Только ленинская партийность писателя, его верность правде помогает разносторонне показать нашу жизнь в её революционном развитии, трезво осмыслить самые сложные процессы и противоречия, глубоко постичь характеры советских людей. Только произведения, отображающие жизнь с высоких общественно-эстетических позиций, могут плодотворно утверждать передовое, ведущее начало, быть действенным оружием советского народа в борьбе за коммунизм».
Можно лишь предполагать, как много времени ушло у Алексеева на прочтение книги и написание рецензии объёмом в почти половину авторского листа. Невозможно выяснить, когда почта доставила её текст в Астрахань, кто отредактировал её в «Волге» и какие изменения были внесены в текст при редактировании. Правда, фраза «отмеченные пороки последней книжки Ю. Селенского» уж слишком созвучна фразе из выступления Южакова на областном партактиве «книга страдает серьёзными пороками». Так что весьма вероятно, что редактор «Волги» самолично правил текст.
Но вот что известно точно, так это то, что на партийном собрании редакции «Волги», проведённом 25 июня 1968 года, заведующий Сельскохозяйственным отделом Самаркин в своём выступлении среди прочего сказал: «О книге товарища Селенского. Газета за месяц дала рецензию…» И произнёс он эти слова явно с большой гордостью за газету, хотя в протоколе и не поставлен восклицательный знак.
Получается, что с момента заказа рецензии Алексееву до её появления на третьей полосе «Волги» в номере от 22 мая прошёл месяц. И такой срок публикации для рецензии на произведение художественной литературы в редакции считался, как видно, «стахановским».
Много чего можно сказать об этой рецензии Алексеева на книгу Селенского. Но сейчас важнее всего сказать совсем о немногом. Алексеев, конечно, добросовестно отработал дарованную ему редактором «Волги» Степановым и Астраханским обкомом партии счастливую возможность перебраться в Москву, уйти в науку и дальше подниматься по карьерной лестнице учёного и партийного идеолога. Никто лучше него эту статью не написал бы. И возможность излить на бумагу – не просто на бумагу, а на газетную полосу – неприязнь к Галишникову (Селенскому) он не упустил, реализовал сполна.

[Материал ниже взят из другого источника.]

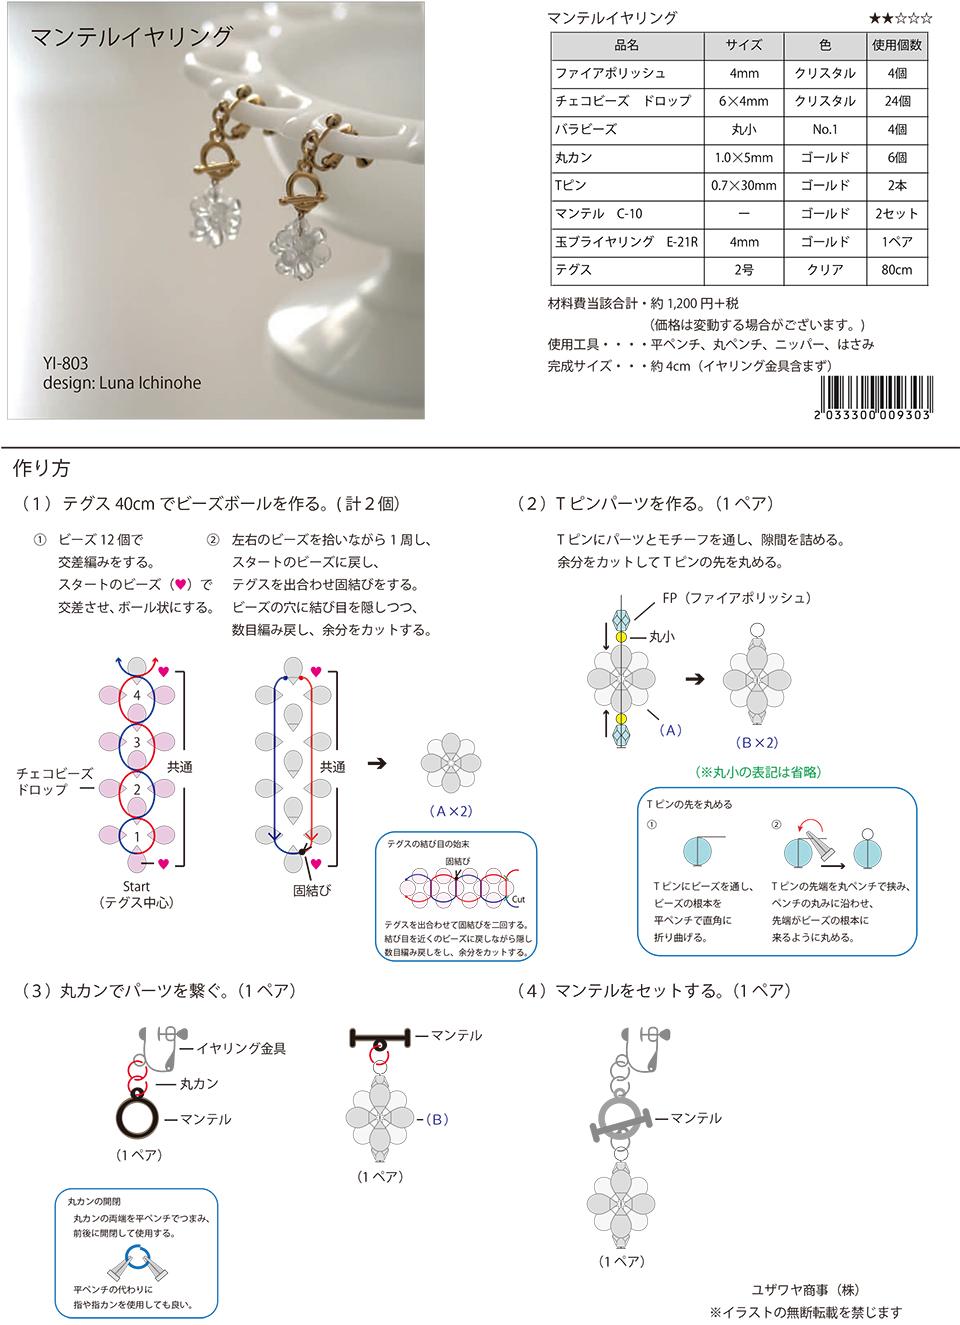 YI-803_1.jpg

Но вот в чём ирония, и притом злая: текстом своей рецензии Алексеев в целом подтвердил правдивость повести «Две пригоршни моря» о провинциальном «газетёре» и редакции областной газеты. Рецензия написана будто бы не им, реальным бывшим журналистом Алексеевым, краснодипломным выпускником Журфака МГУ «предоттепельных» времён, а вымышленным «газетёром» Иваном Ивановичем (Двуиваном) из повести «Две пригоршни моря», пережившим времена сталинские: почти весь текст ладно, набиторуко сколочен из агитпроповских идеологических штампов «согласно спущенным директивам».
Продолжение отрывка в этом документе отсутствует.